Deprecated modules (to be removed in next release):
- rdkit/qtGui
- Projects/SDView
Removed modules:
- SVD code: External/svdlibc External/svdpackc rdkit/PySVD
- rdkit/Chem/CDXMLWriter.py
Other:
- The large scale changes in the handling of stereochemistry were
made for this release. These should make the code more robust.
- If you are building the RDKit yourself, changes made in this
release require that you use a reasonably up-to-date version of
flex to build it. This is likely to be a problem on Redhat, and
redhat-derived systems. Specifically: if your version of flex is
something like 2.5.4 (as opposed to something like 2.5.33, 2.5.34,
etc.), you will need to get a newer version from
http://flex.sourceforge.net in order to build the RDKit.

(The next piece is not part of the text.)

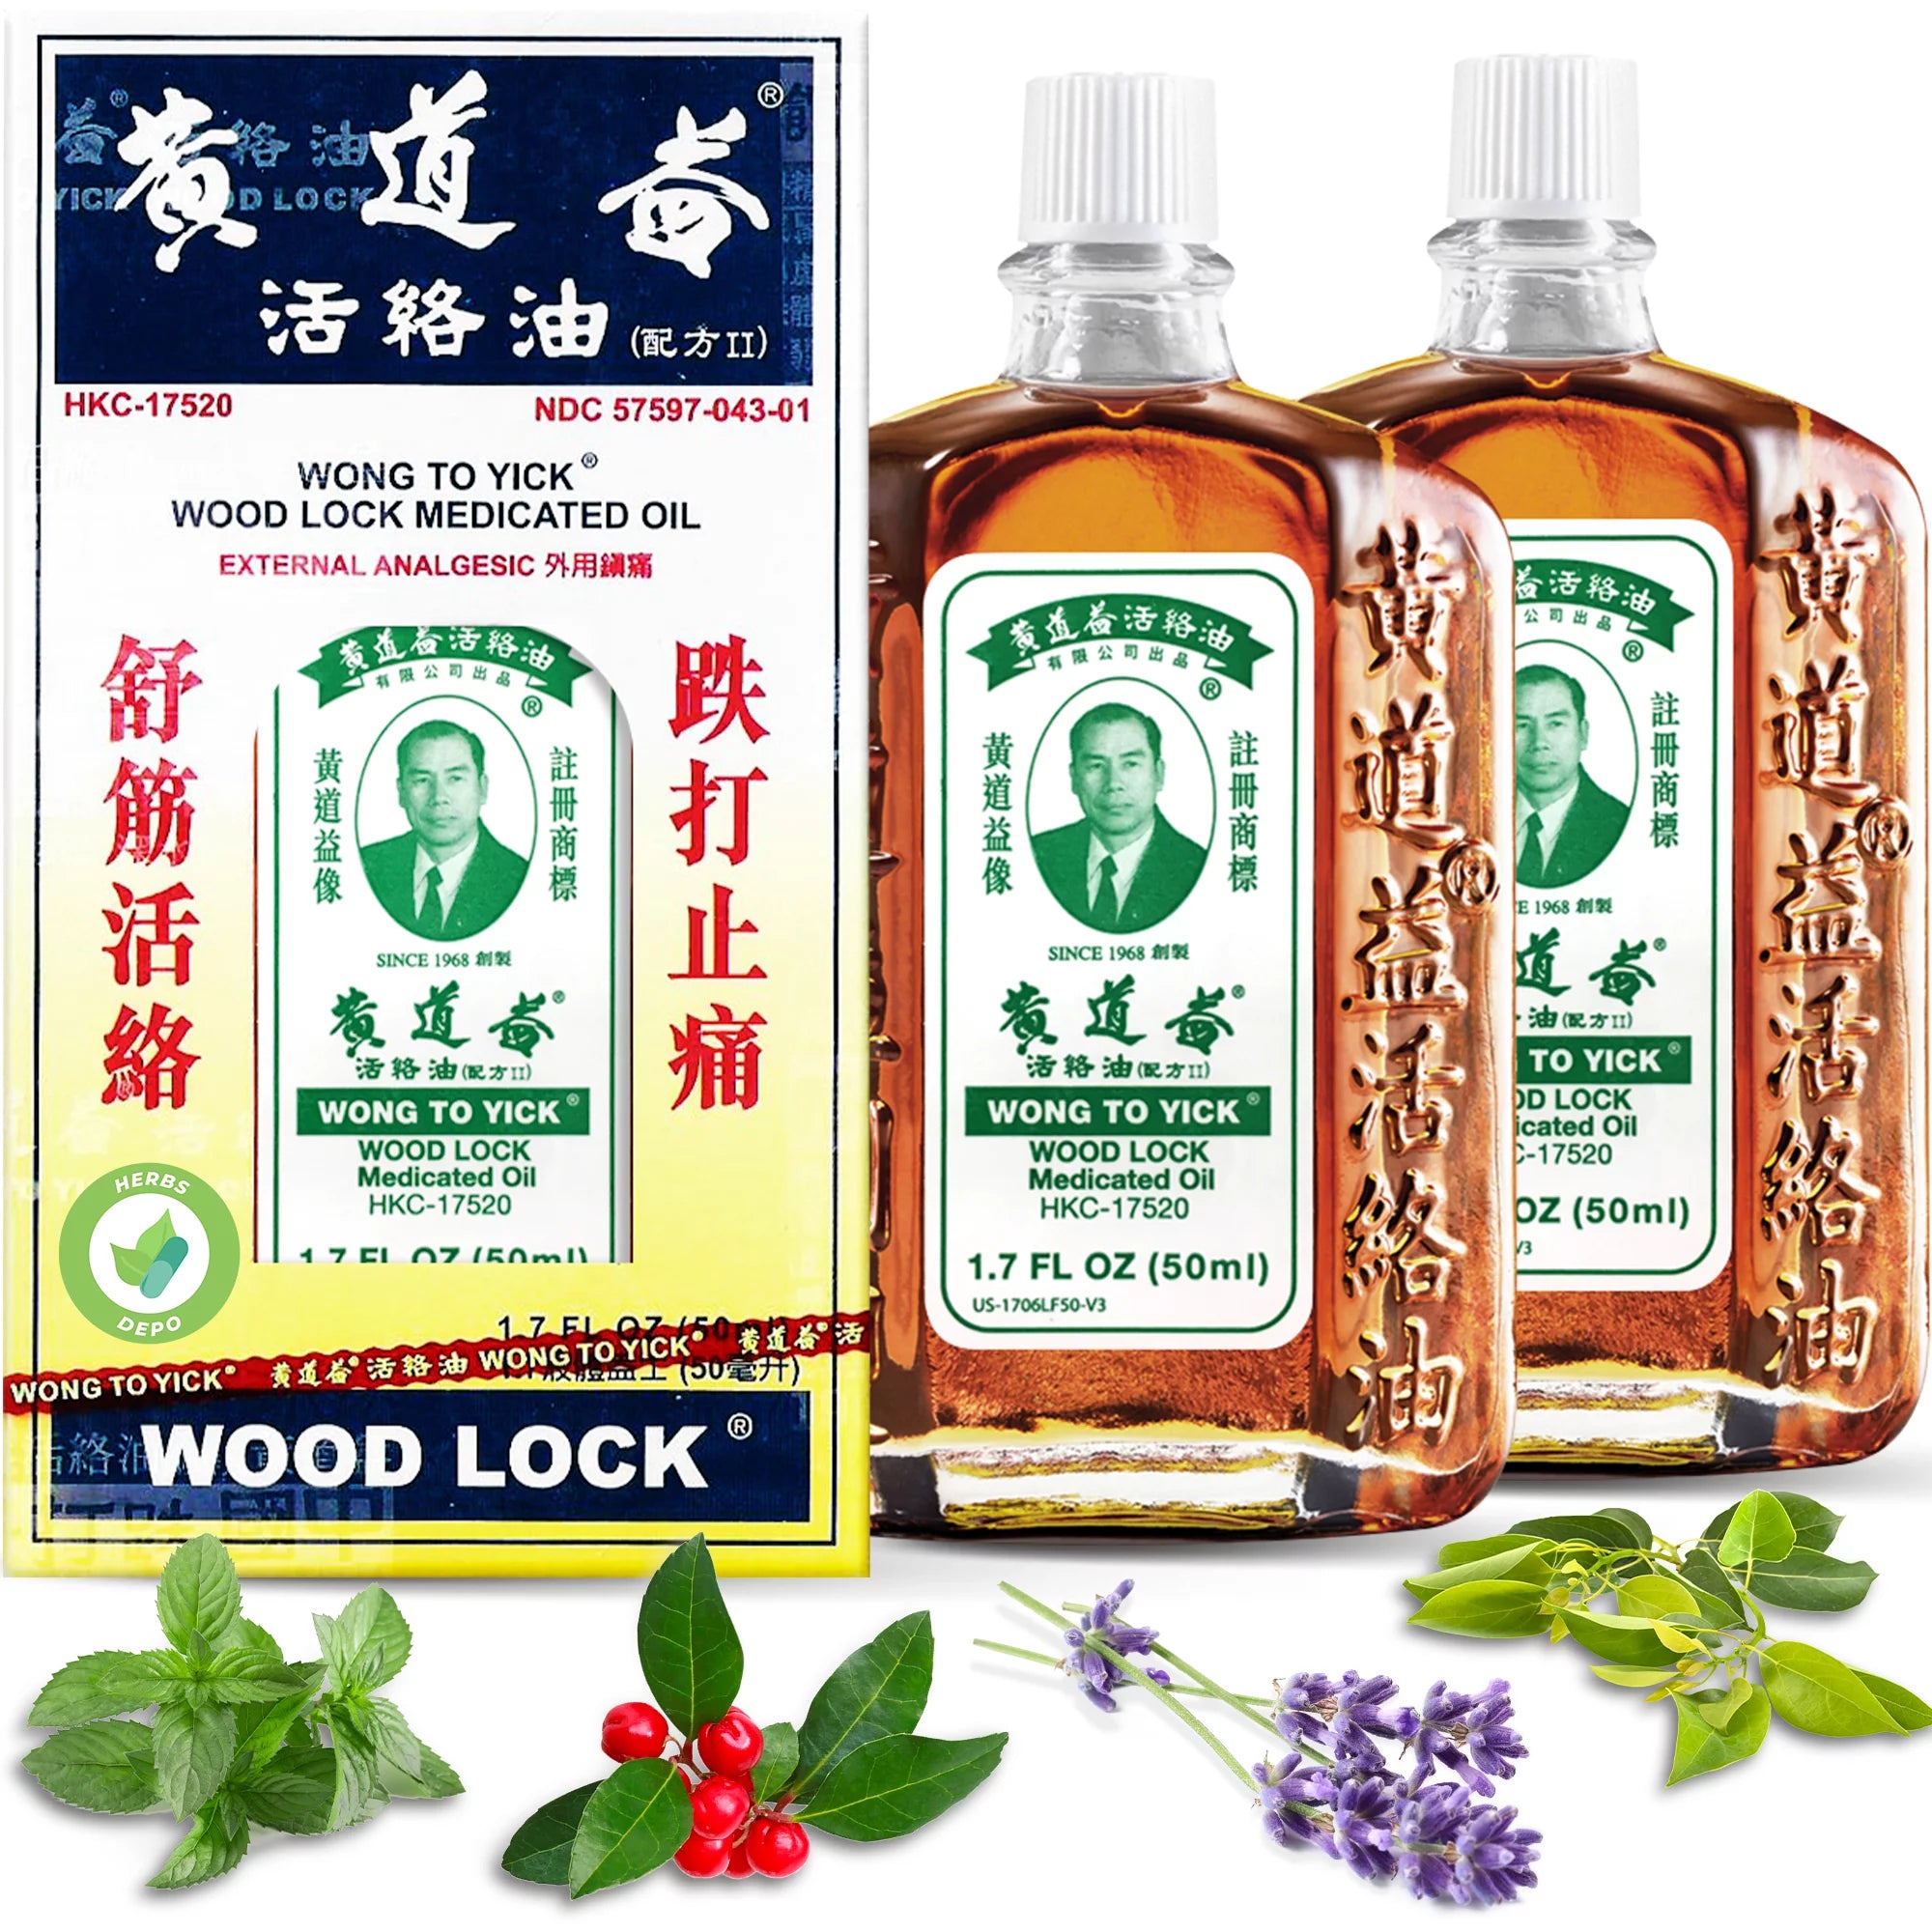 Wong To Yick Wood Lock Oil (2 packs)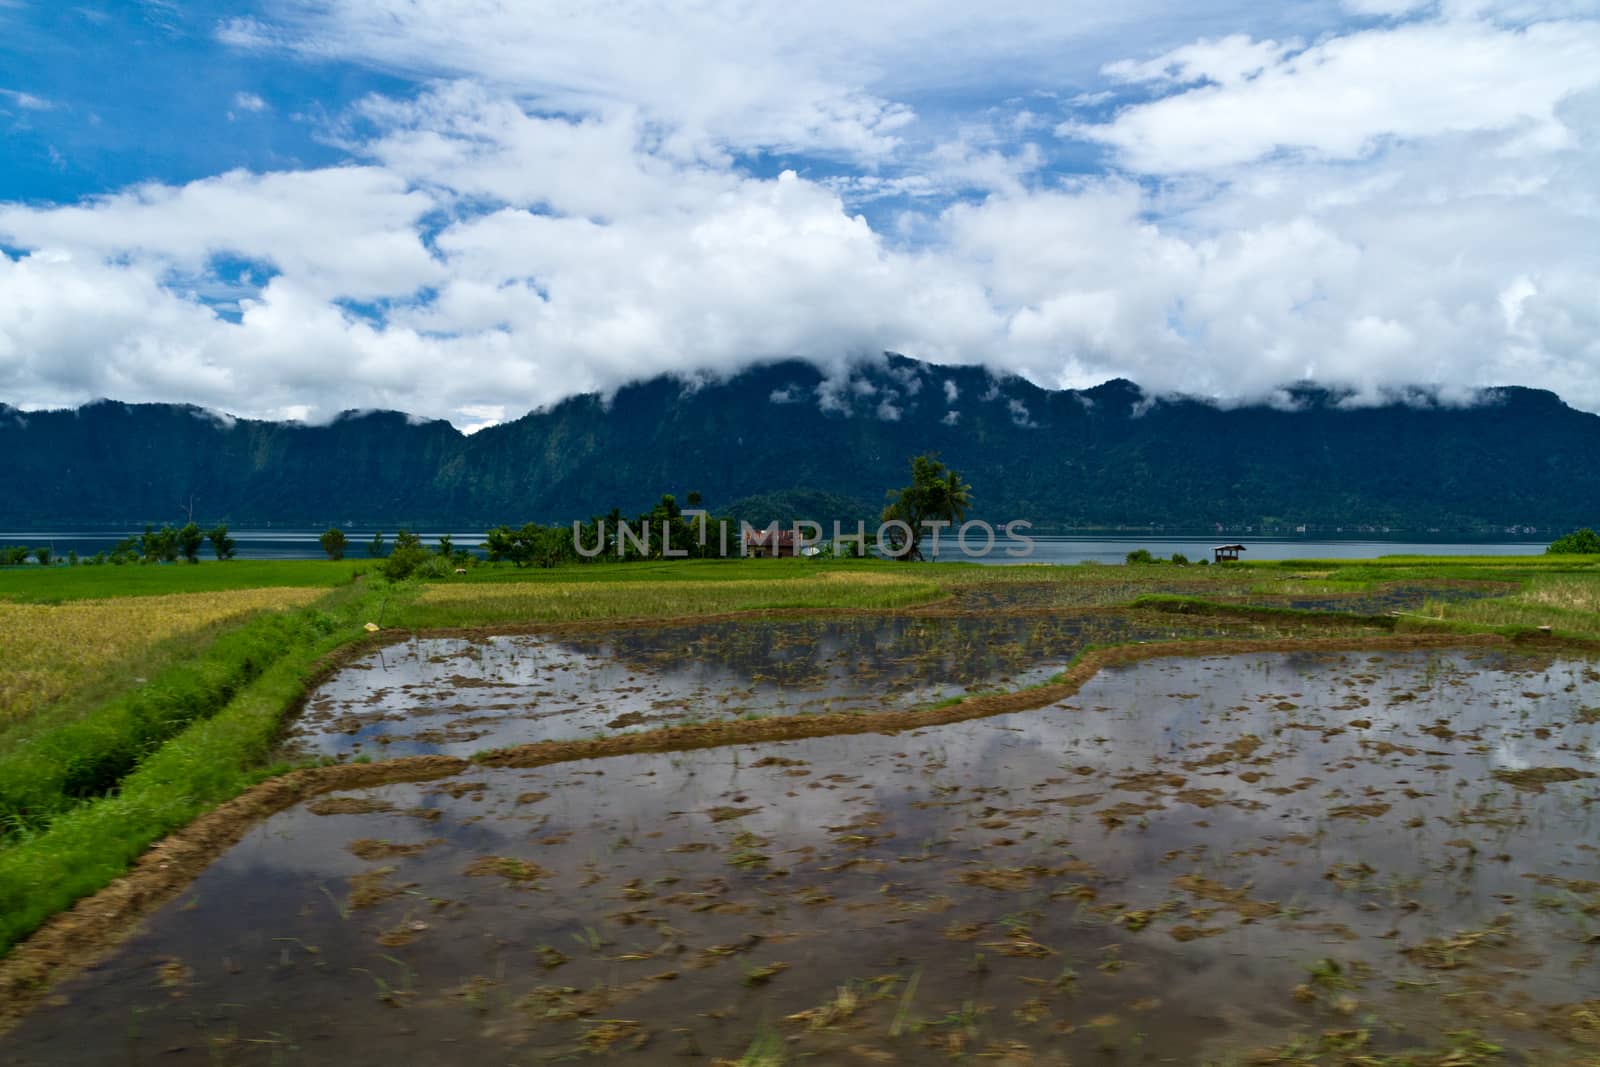 Paddyfield By the Lake by azamshah72

- Changes only affecting C++ programmers:
- The code for calculating topological-torsion and atom-pair
fingerprints has been moved from $RDBASE/Code/GraphMol/Descriptors
to $RDBASE/Code/GraphMol/Fingerprints.
- The naming convention for methods of ExplicitBitVect and
SparseBitVect have been changed to make it more consistent with
the rest of the RDKit.
- the bjam-based build system should be considered
deprecated. This is the last release it will be actively
maintained.
****** Release_Q12010_1 *******
(Changes relative to Release_Q42009_1)
Acknowledgements:
- Andrew Dalke, Jean-Marc Nuzillard, Noel O'Boyle, Gianluca Sforna,
Nik Stiefl, Anna Vulpetti
Bug Fixes
- Substantial improvements were made to the SLN parser
- A bad depiction case was fixed. (issue 2948402)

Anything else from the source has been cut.